In theory, arithmetic coding works with real numbers. In practice, computers use finite-precision integers. Implementations maintain low/high bounds using large integers (for example, 32-bit or 64-bit ranges) and apply renormalisation:

  • When the high and low bounds share leading bits, those bits can be emitted because they will not change with future symbols.

  • The interval is scaled (shifted) so the remaining uncertainty stays within the numeric range.

  • Special handling is required for the “underflow” region (often called E3 scaling), where bounds get too close but do not share a stable leading bit.

These details are why arithmetic coding is considered “advanced”: the concept is clean, but robust implementations require careful boundary and precision management.

Decoding: Reversing the Refinement

Decoding mirrors encoding:

  1. The decoder reads a number (from the bitstream) that lies in the final interval.
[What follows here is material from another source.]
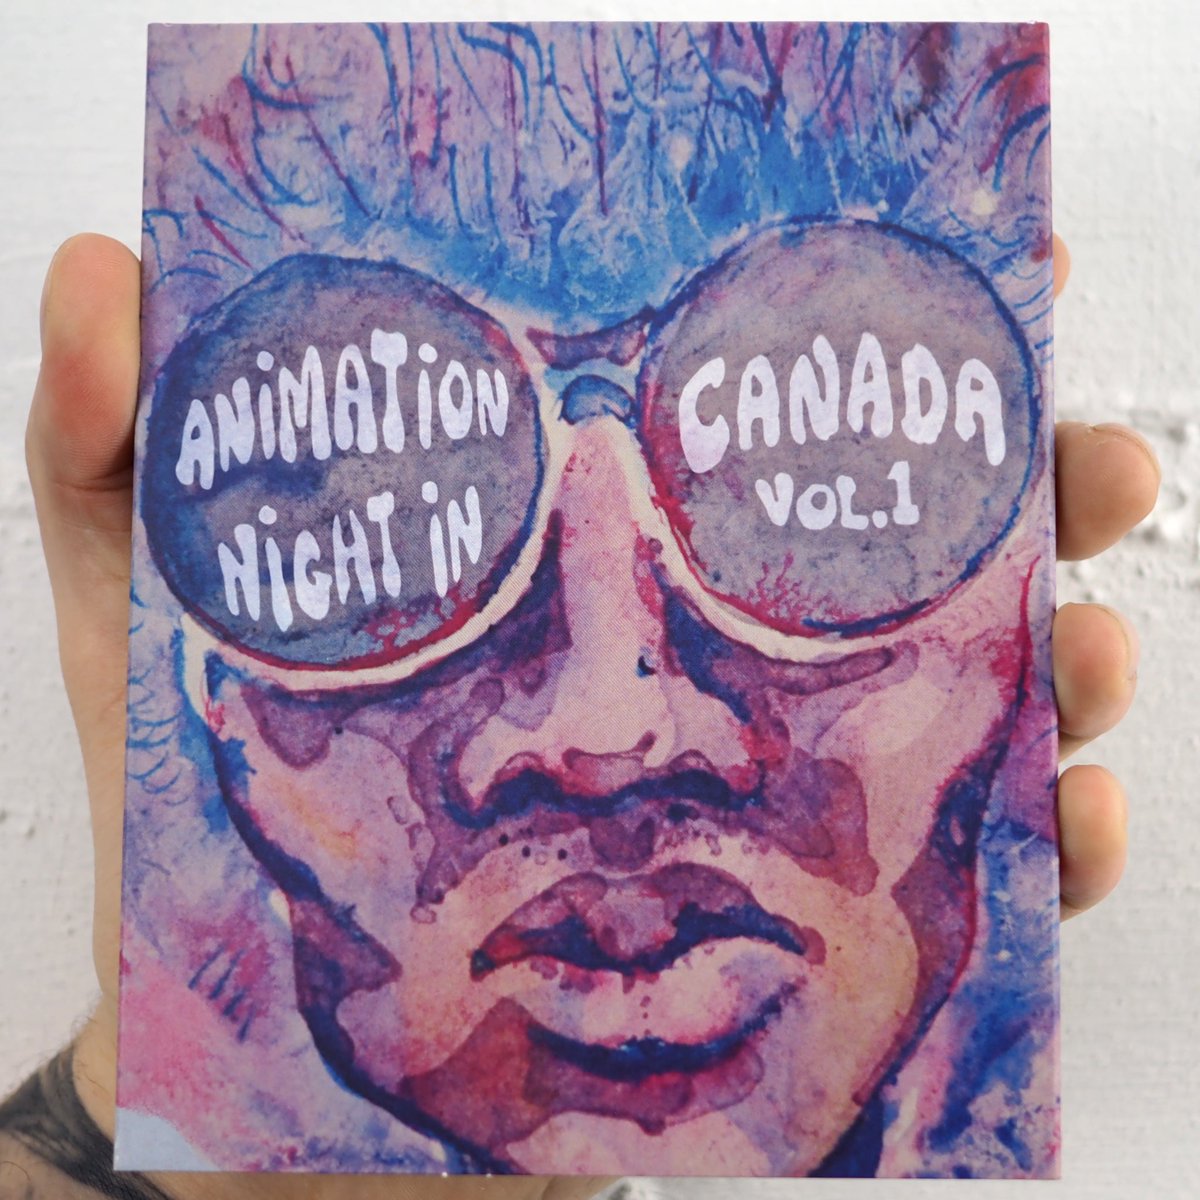 Only 3 copies of the ANMATION NIGHT IN CANADA, VOL. 1 limited edition slipcover remain. If you want one, now's the time: vinegarsyndrome.com/collections/ca…

  2. Starting from [0,1)[0,1)[0,1), it checks where that number falls within the probability partitions to determine the first symbol.

  3. It then refines the interval and repeats to recover each subsequent symbol.

As long as the decoder uses the same probability model updates as the encoder, the message reconstructs exactly.

Conclusion

Arithmetic coding represents a message as a single interval rather than a sequence of symbol codes. By repeatedly narrowing a range based on symbol probabilities, it can achieve compression performance close to the theoretical optimum, especially when used with strong predictive models. While implementation requires careful handling of finite precision and renormalisation, the payoff is excellent coding efficiency and flexibility. If you are exploring compression, probability modelling, or information theory through a data scientist course, arithmetic coding is a valuable technique to understand. It also fits naturally into broader applied learning in a data science course in Pune, where efficient representation and probabilistic reasoning show up in many practical domains.